Gen. Stephen Townsend, the AFRICOM commander, said his team has been reviewing CIVCAS tracking, assessment and reporting procedures since taking over in 2019.

“To demonstrate our transparency and commitment to protecting civilians from unnecessary harm, we plan to publicize our initial report by the end of April and we will provide quarterly updates thereafter," he noted.

There are about 7,000 US troops in Africa, whose main base is located in Djibouti. Of that number, almost 600 of them are involved in the current operation of rebuilding Somalia, a country eclipsed in Al-Shabaab insurgency.

Besides the Al-Shabaab, several violent extremist groups and militia have been identified in southern Africa especially in Mozambique, Boko Haram of West Africa and the dangerous rebels of North Africa countries.

To eliminate the groups the US military has often conducted airstrikes in affected nations. There is also a robust program of equipping armed forces especially in Somalia in pursuit to defeat the Al-Shabaab, AFRICOM said.

“It is critically important that our partners and the public understand our commitment to minimizing collateral damage while achieving precision effects. Where this does not occur, we’ll look to be the first to the truth,” said U.S. Army Maj. Gen. William Gayler, U.S. Africa Command director of operations.

“Our kinetic operations in Africa follow a strict, disciplined, and precise process. Nobody is more devoted to the preservation of innocent lives than the U.S. military, and our actions and processes reflect that fact.”

Issuing a quarterly report is part of an effort to increase transparency and to further expand reporting mechanisms. It is an opportunity to gain feedback and provide updates on the status of assessments, US Africa Command said.

In the last three months, the US military has conducted 32 airstrikes, almost half of similar operations executed in 2019, surpassing missions of such nature in war-prone Syria and Iraq where America has waged a resilient fight against ISIS.
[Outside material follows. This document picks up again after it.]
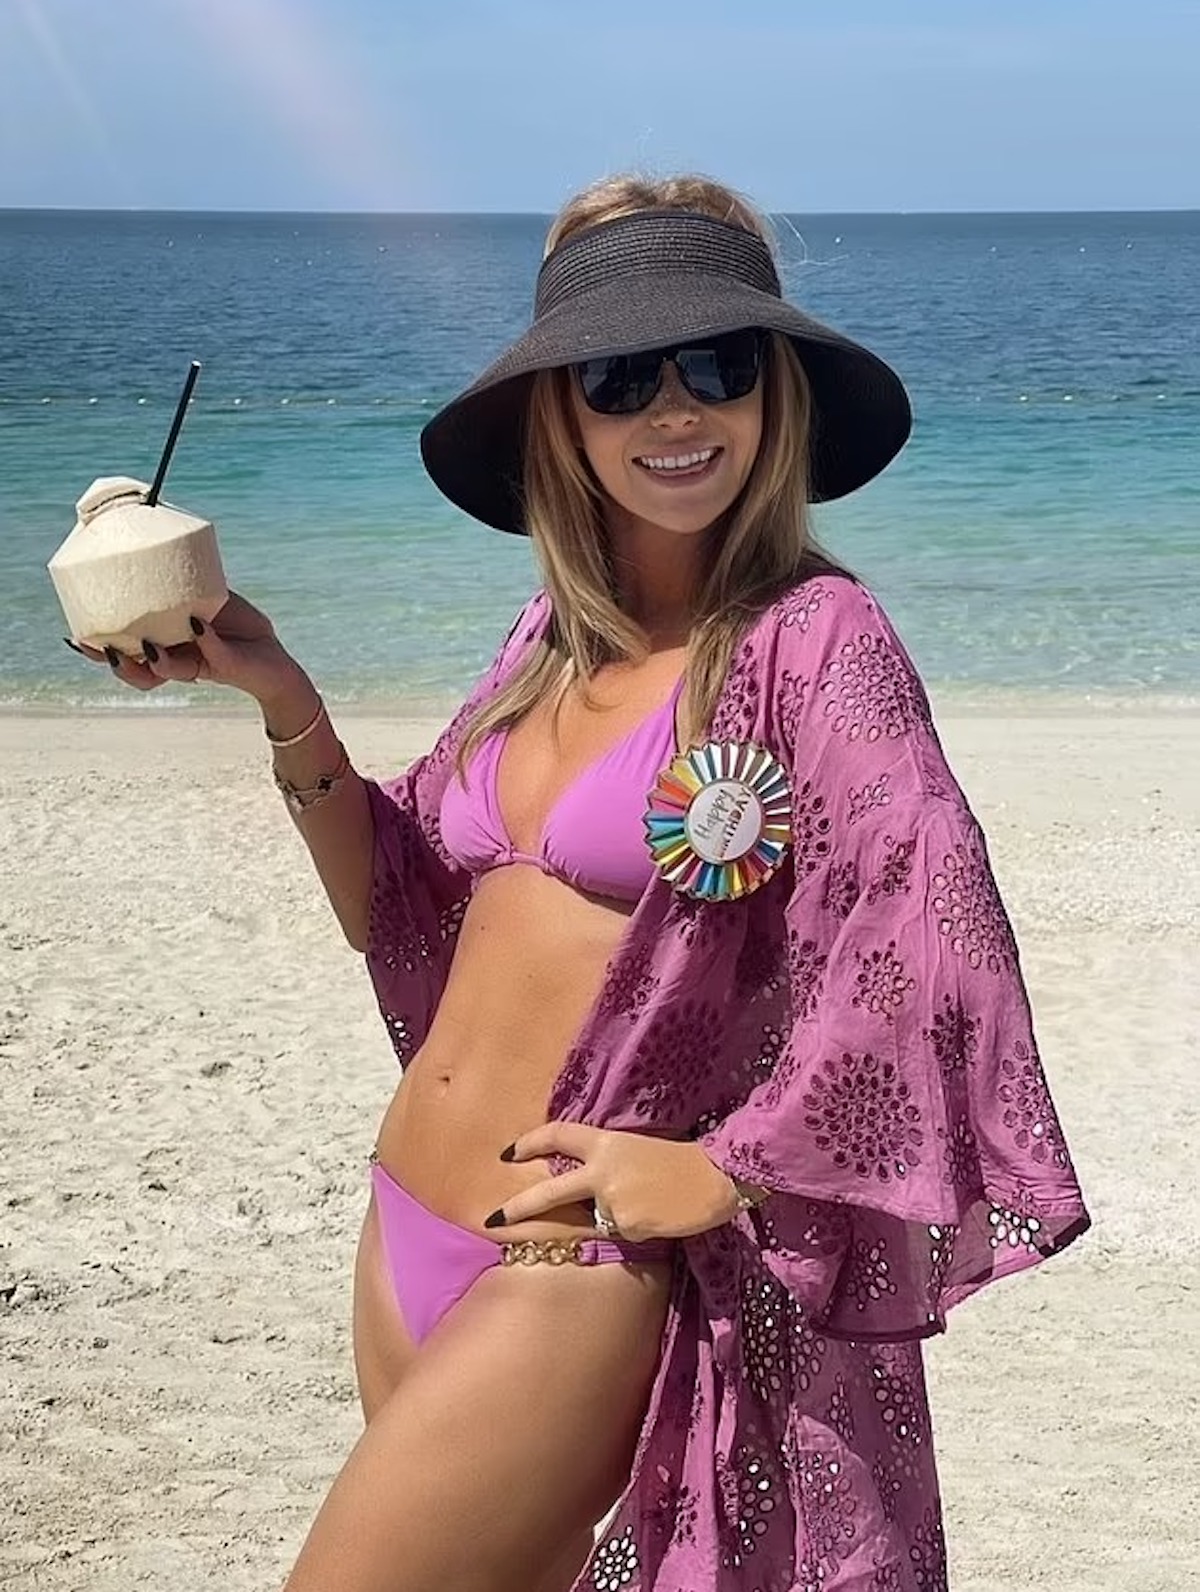 Amanda Holden, l'attrice perfetta in bikini a 52 anni

At least 29 suspected militants have been killed this year from such airstrikes, with the most wanted operative, Bashir Qorgab, being one of the victims. He was killed on Feb. 22, and had been linked to Manda Airfield raid in Kenya early this year, AMISOM reported.

But Amnesty International insists that the US military has violated the international law, documenting specific cases in Somalia, where such airstrikes allegedly claimed the lives of civilians.

"This is unconscionable; the US military must change course and pursue truth and accountability in these cases, in line with its obligations under international humanitarian law," Muchena added.

According to the group, the airstrikes have killed over 21 civilians, wounding six of them in as many years. But despite the compelling evidence, it added, the US has only taken responsibility for only one case.